By: Staff Writer
February 6, 2026
The Economic Commission for Latin America and the Caribbean (ECLAC) said in a recent report that carbon pricing mechanisms
Climate change is one of the greatest challenges facing humanity. Keeping the rise in global temperatures below the limits set in the Paris Agreement requires GHGs to be reduced drastically, and this will entail major transformations in the way economies currently operate. Through their various instruments, carbon pricing policies are an essential element in the set of actions needed for the transition to productive, inclusive and sustainable development.
The report, “Overview of carbon pricing policies in Latin America and the Caribbean, 2025: an analysis of their effectiveness and guidelines for implementation,” also said: “Carbon pricing can be introduced as part of public policy through various alternatives, the validity and appropriateness of which depends, in each case, on the interests of decision makers, the policy to be implemented, and national and international circumstances. Although there may be different ways to classify carbon pricing instruments, the literature often distinguishes between explicit and implicit carbon prices (see diagram 1). While this document reviews each of the explicit and implicit carbon pricing instruments, it focuses on carbon taxes, tradable emissions permits, the social price of carbon, fuel taxes and fossil fuel subsidies.
It added: “In Latin America and the Caribbean, offset systems and carbon credit mechanisms are the instruments that have made the most progress in recent years. At the same time, several countries continue to roll out emissions trading systems among policies to reduce emissions, engage the private sector and streamline the financing of climate action. The use of carbon taxes remains limited in the region, and none has been created at the national level in the last two years. Mexico continues to be a special case, with several subnational carbon taxes in place alongside the national tax and emissions trading system.”
“A major challenge in implementing carbon pricing is how to define the price or rate to be charged.
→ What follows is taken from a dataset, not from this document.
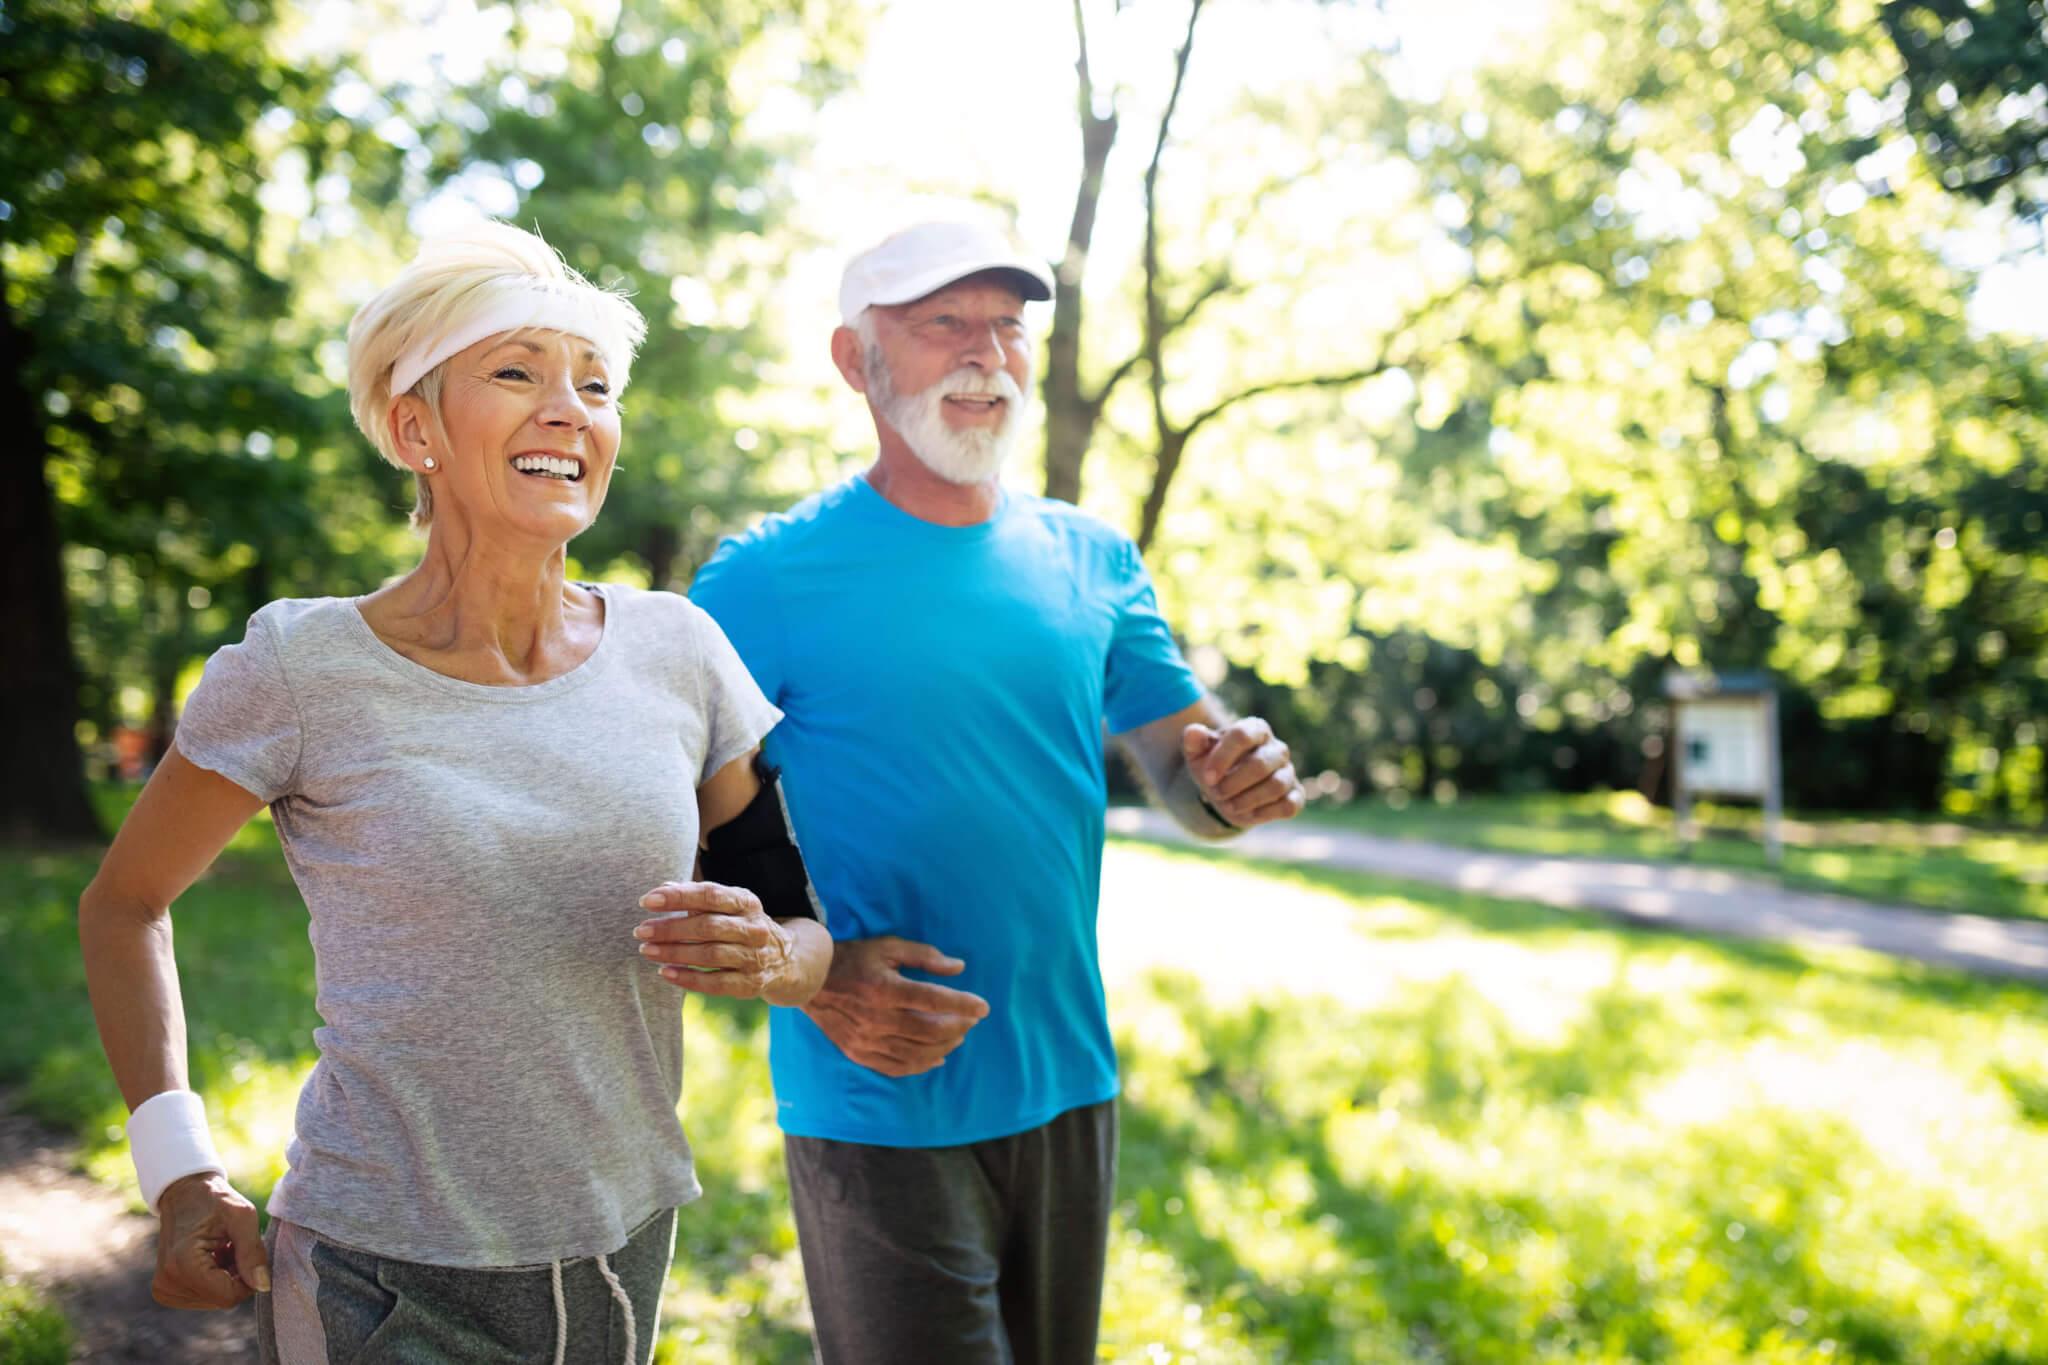 healthy living | Gundry MD

According to the Intergovernmental Panel on Climate Change (IPCC), to limit the temperature increase to 2 °C, carbon prices in 2030 should be between US$ 60 per ton of carbon dioxide (tCO2 eq) and US$ 120/ tCO2 eq; and, to restrict the increase to 1.5 °C, they should be between US$ 170/tCO2 eq and US$ 290/tCO2 eq.
“Nonetheless, the High-Level Commission on Carbon Prices considers that the explicit carbon price compatible with the Paris Agreement targets should already be in the range of US$ 40/tCO2 eq to US$ 80/tCO2 eq and should be between US$ 50/tCO2 eq and US$ 100/tCO2 eq by 2030. Although approximately 80 carbon pricing instruments are being implemented around the world (World Bank, 2025b), few are in the latter range and, with the exception of Uruguay, they are all applied in high-income countries.”
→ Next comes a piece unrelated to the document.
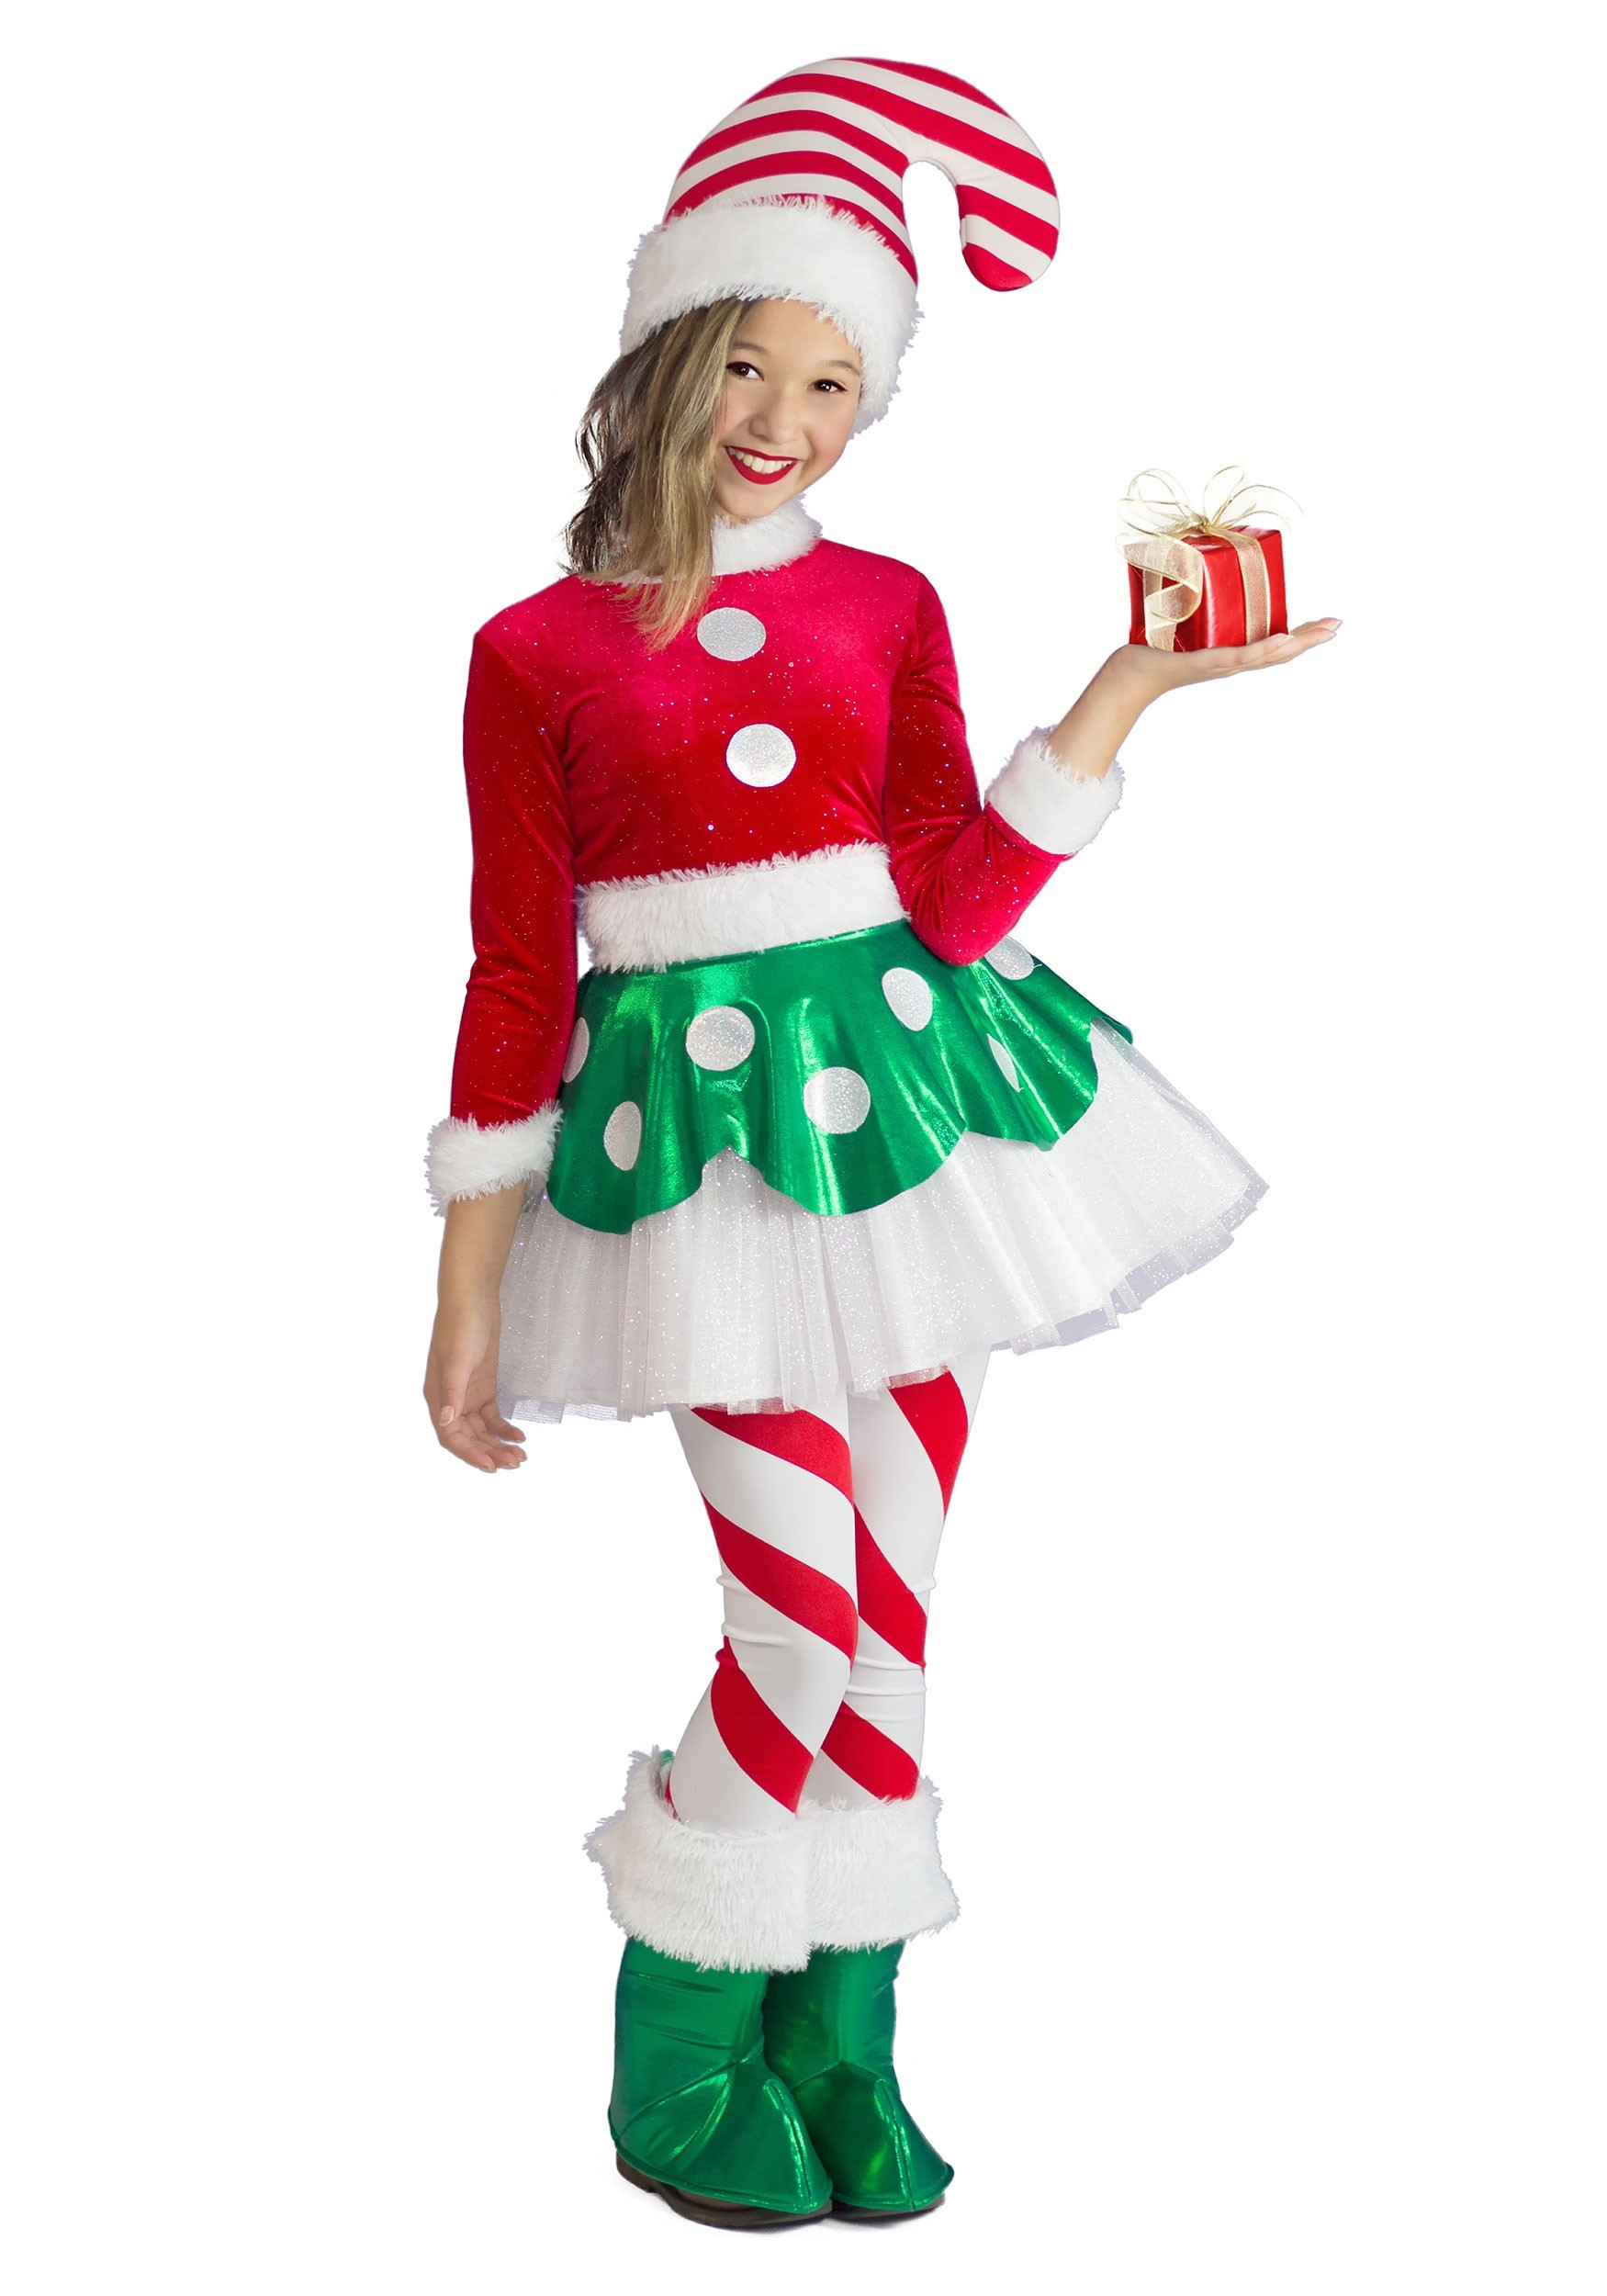 Christmas Candy Cane Costume  Candy Cane Elf Princess Costume

The report added: “Carbon pricing policies in Latin America and the Caribbean date back to 2014, when several countries introduced new taxes to discourage activities that generated GHG emissions as part of tax reforms.
“Measures of this type, initially implemented in Mexico, gained momentum after the adoption of the Paris Agreement and the GHG emissions reduction commitments that countries made as they submitted their nationally determined contributions.
“In addition to interest in decarbonizing economies, the application of carbon pricing also hastens technological change that helps to modernize production systems and make processes more emissions-efficient. A third motivation for the use of carbon pricing is to generate tax revenue in contexts of resource scarcity, whether or not it is allocated to climate objectives.”